InterviewAI: The AI-Powered Mock Interview Coach

About the Project

InterviewAI is an intelligent video-based platform that gives job-seekers personalized, actionable feedback on their interview skills—right from their desktop browser.

Inspired by the challenge of standing out in competitive job markets and the surge of remote interviewing, we set out to help users practice, analyze, and improve by leveraging the latest in AI. Our vision: democratize access to high-quality interview coaching, making elite feedback accessible to anyone, anytime.

Inspiration

The idea started with personal experience—many on our team struggled with confidence, pacing, and communication during virtual interviews. Traditional coaching was expensive, inaccessible, or lacked specific, actionable feedback.

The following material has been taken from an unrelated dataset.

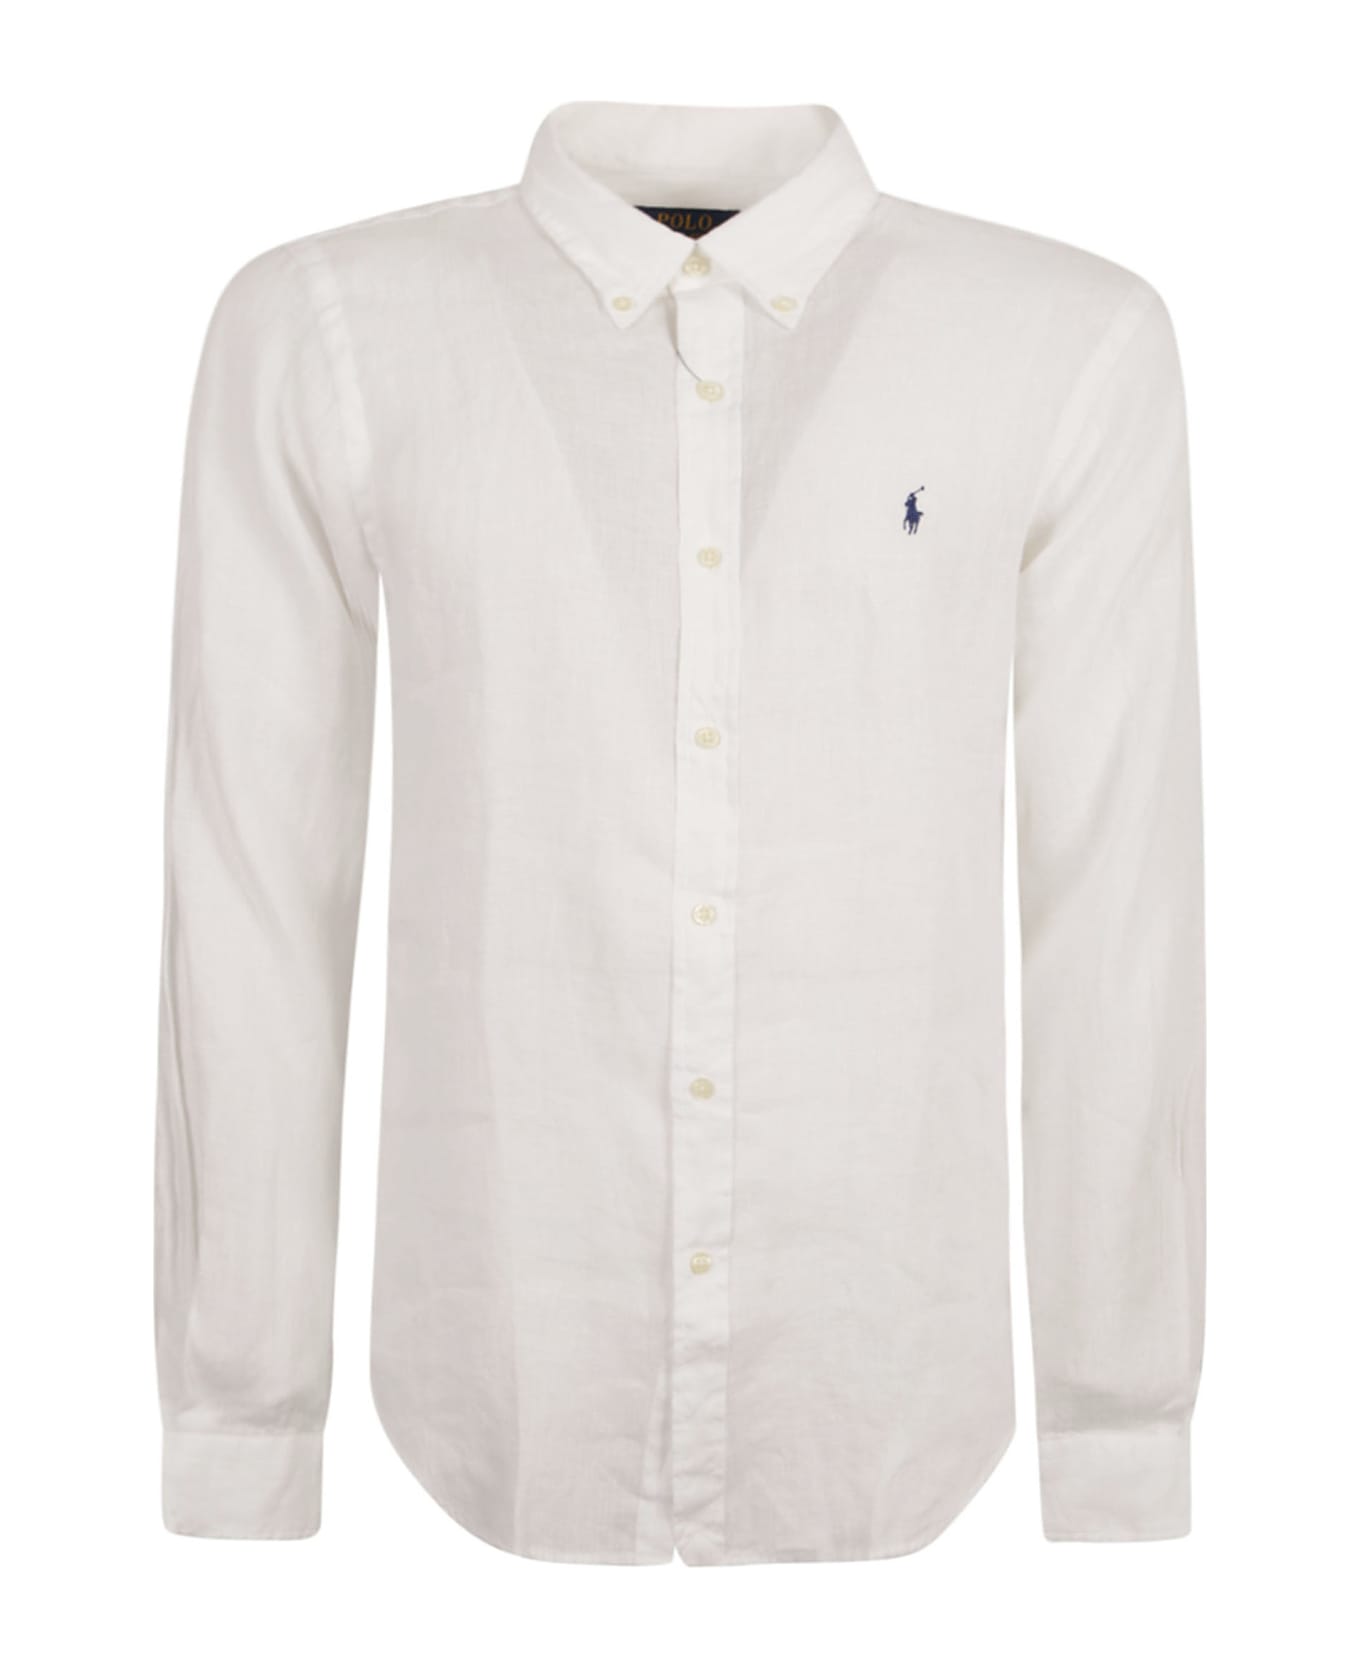 Ralph Lauren Logo Embroidered Round Hem Plain Shirt - White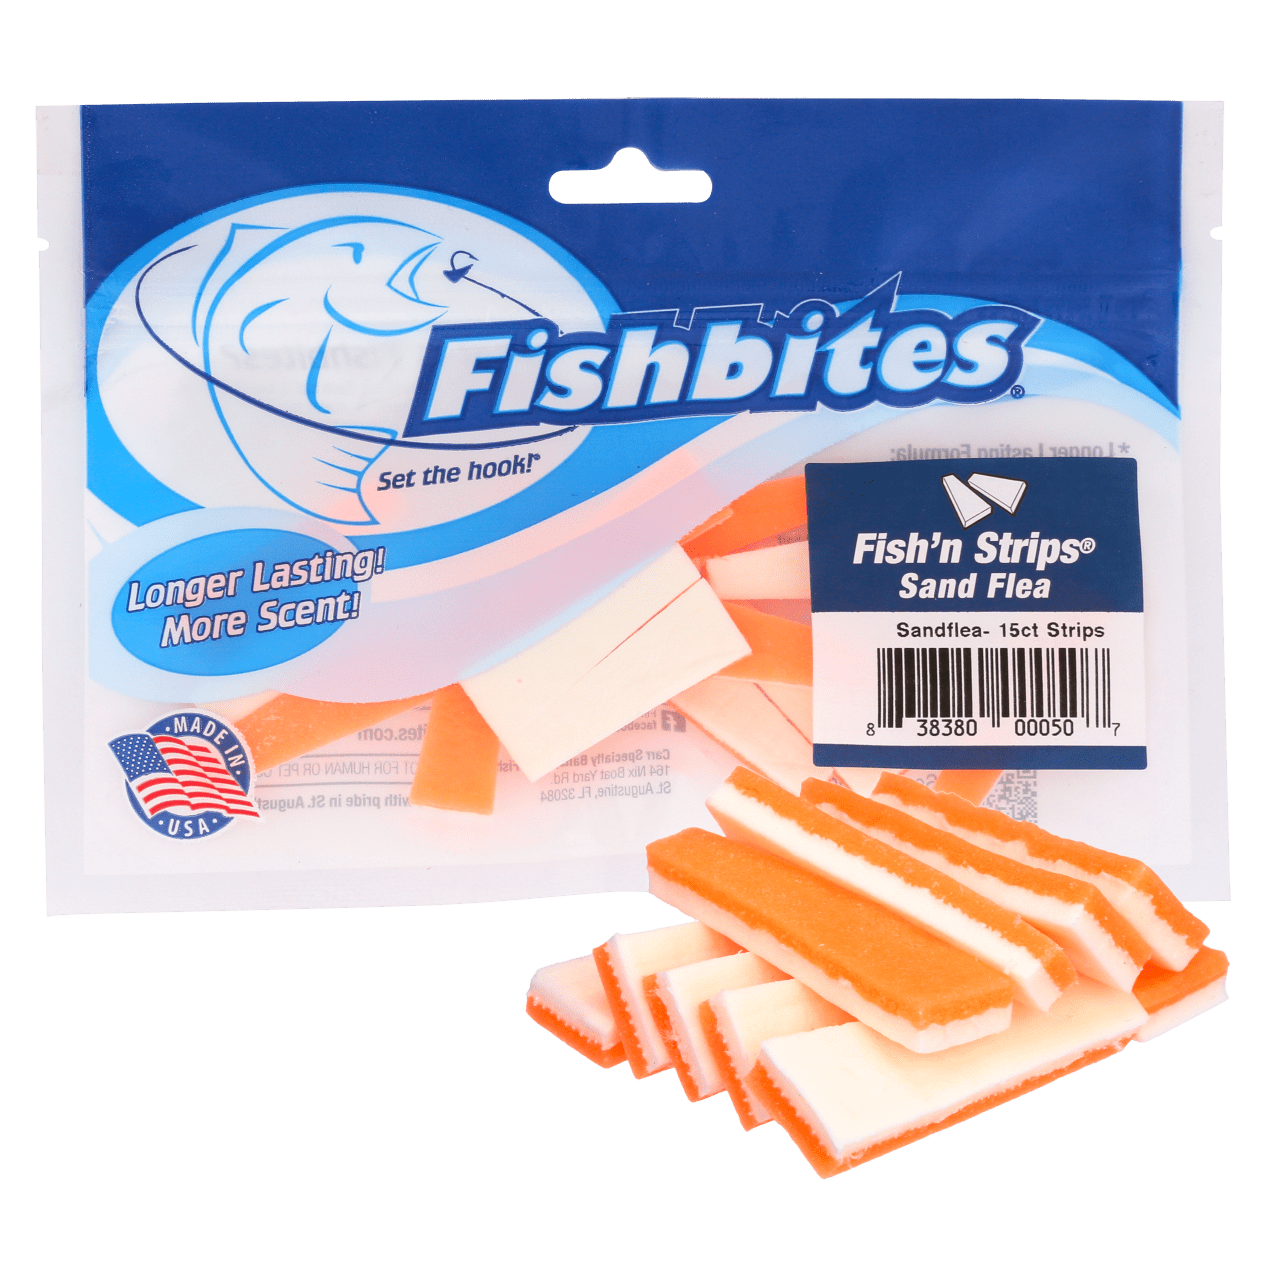 Fishbites Fish'n Strips® Sand Flea - Fishbites

We realized recent advances in AI could transform video, speech, and text analysis into a 24/7 personal coach that’s always available.

What We Learned

Speech and Video Analysis: Combining modern ASR (Automatic Speech Recognition), NLP (Natural Language Processing), and Computer Vision enabled us to deliver feedback on both what users said and how they said it.
LLM-Driven Insights: Leveraging Google Gemini provided richer, more holistic analysis—spotting confidence, structure, and emotion beyond simple metrics.
Full-Stack Engineering: Building a seamless user experience required tight integration across a React frontend, Node.js data/API glue, Python AI services, and robust deployment/devops pipelines.

How We Built It

Frontend: Developed with React (TypeScript), Vite, and Tailwind for a responsive, modern UI. Key features include video upload, interactive dashboards, and progress tracking.
Backend: Hybrid architecture:
- Python (FastAPI): Performs all AI/ML processing—speech-to-text (Deepgram), video frame analysis, NLP, and LLM integrations.
- Node.js (Express): Manages REST APIs, authentication, user management, and MongoDB.
AI Integrations: Google Gemini for advanced multimodal (text, speech, video) analysis; Deepgram for speech transcription; Vision and NLP modules for cues like filler words, body language, and tone.
Deployment: Dockerized microservices; Vercel for frontend, Render for backend APIs; CI/CD for rapid iteration.
Prompt Engineering: Custom prompt configs (.bolt/) to tune LLM outputs for clarity and transparency.

Challenges We Faced

Multimodal Integration: Coordinating real-time analysis across speech, text, and video was complex—especially aligning transcript timing to video frames for accurate feedback.
Efficient AI Utilization: Balancing responsiveness and cost, while making the most of external AI APIs.
Security & Privacy: Handling sensitive user uploads with secure storage, redaction, and data handling policies.
Usability: Translating raw AI outputs into simple, motivating feedback (and beautiful charts!) that users could act on.
Codebase Coordination: Merging Python, Node.js, and React teams and avoiding code duplication, especially during rapid prototyping.

What's Next

We’re excited to open InterviewAI to the public, helping candidates everywhere land their dream roles. Upcoming, we hope to add peer benchmarking, question banks for more targeted practice, and deeper explainability for all AI-generated feedback.